All I’m advocating for is that you take a bit of time every now and then to take stock of your team’s older, less frequently visited, code. You might find opportunities to improve your application’s behavior or to standardize your code. You might help catch defects before anyone notices, and you might even learn a thing or two that you can use in your own code. But even if none of that happens on any given review, you’ll understand your group’s code better than you did. You’ll understand what you have in storage.
It’s also surprising sometimes when I review my own old code and ask, “wow, did I really write that?!”. It’s usually a mix of good and bad code though, so definitely learning in some way or other.
Heh, I definitely know what you mean. It can be quite surreal to look at your own code from years ago.
Generally, I like your idea. But who in hell has time to do something like this?
While I’ve encountered no shortage of shops where 60 hours per week still wasn’t enough, there are a good number out there where developers have a lot of idle time. It’s the Goldilocks zone of busy-ness that seems to be most elusive.
In advising orgs to do this, I’d suggest making it an incremental activity on top of existing review, timeboxed or else done only periodically.
If it’s not broken, fix it until it is.
I like the turn of phrase in general, but I’d argue that legacy code is always broken to some degree or another. If the status quo is fine with users, it’s because they’re used to their workarounds for its warts and bugs.
Probably most code is broken to some degree or another. To throw in another aphorism, “There is no tool perfect for many tasks.”

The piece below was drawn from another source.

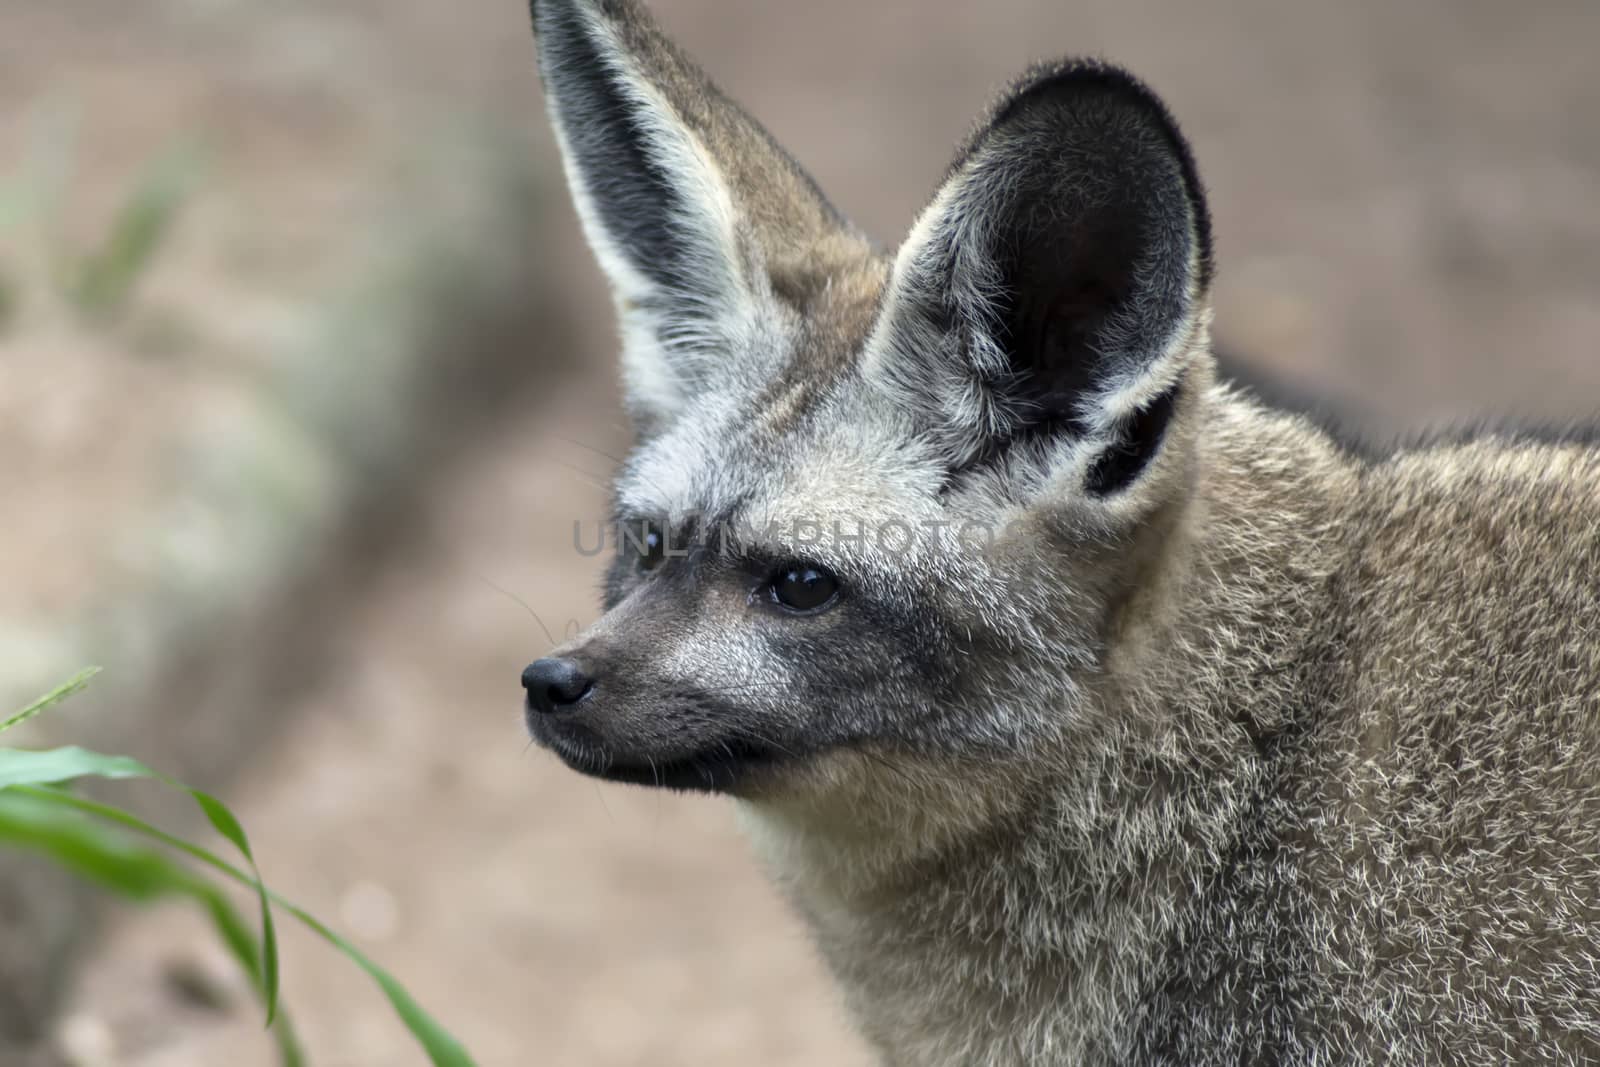 Bat-eared fox, Otocyon megalotis is a canid of the African savanna, named for its large ears
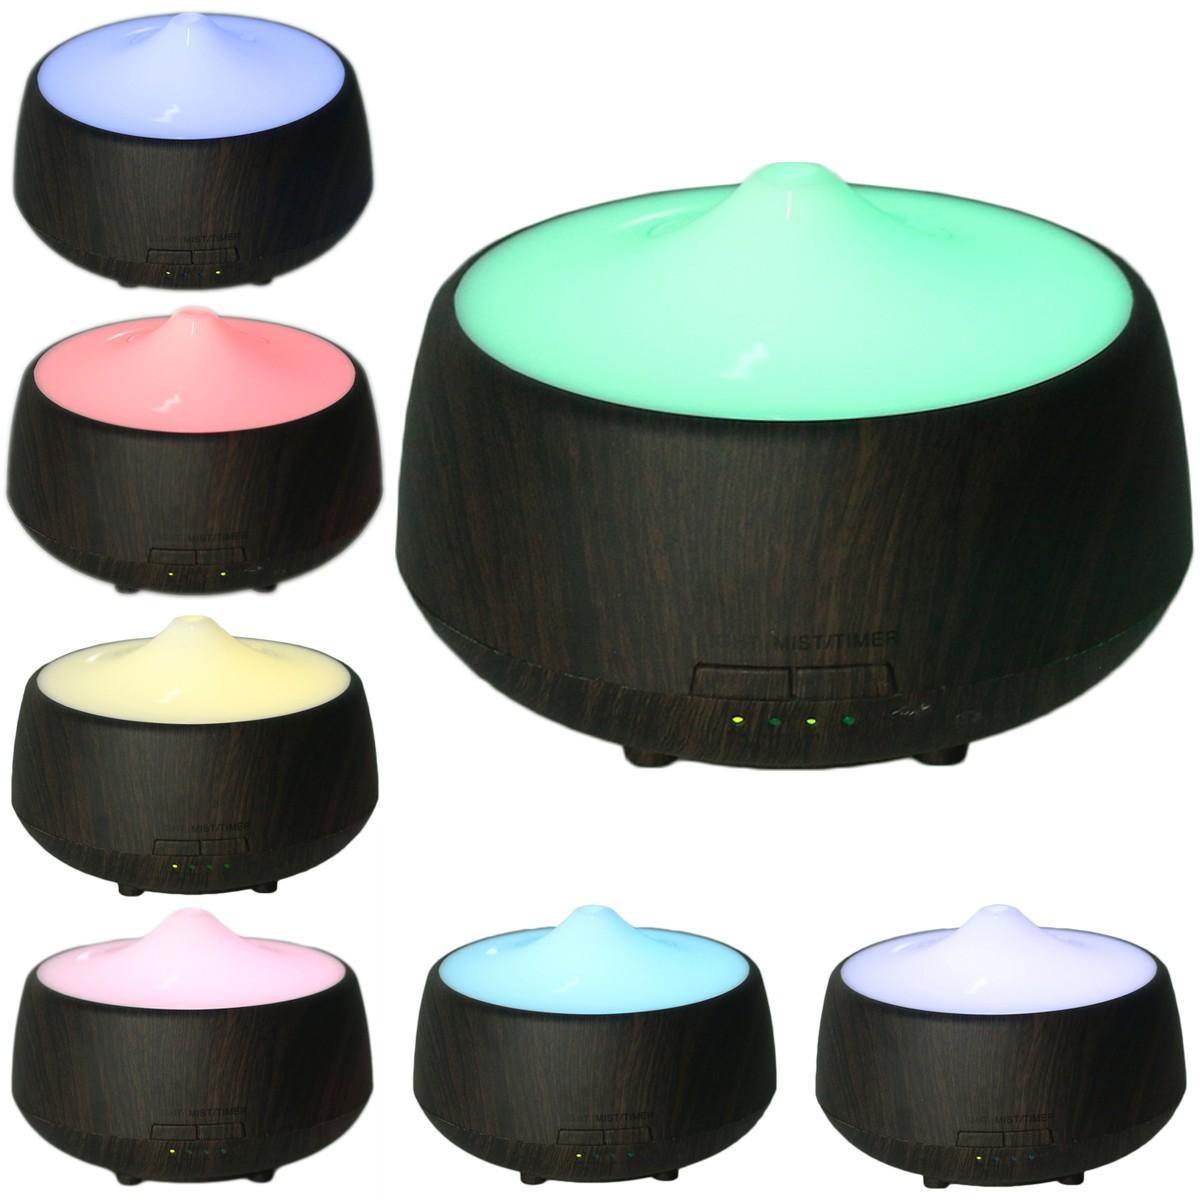 110-240V 7 Color LED Ultrasonic Air Humidifier Aroma Atomizer Diffuser Steam Air Purifier, Banggood  - buy with discount

A lot of truth in both statements.
>a natural offshoot of the human tendency to blame all problems in the group on people that have departed
Not all problems… just specific ones like the one in the old code I am fixing right now. If I could just get my hands around the neck of the brainless hack that –**?? wait… that is my old code. Never mind. Legacy code is for learning for sure. 😉
🙂 I’ve had that experience more times than I care to recount.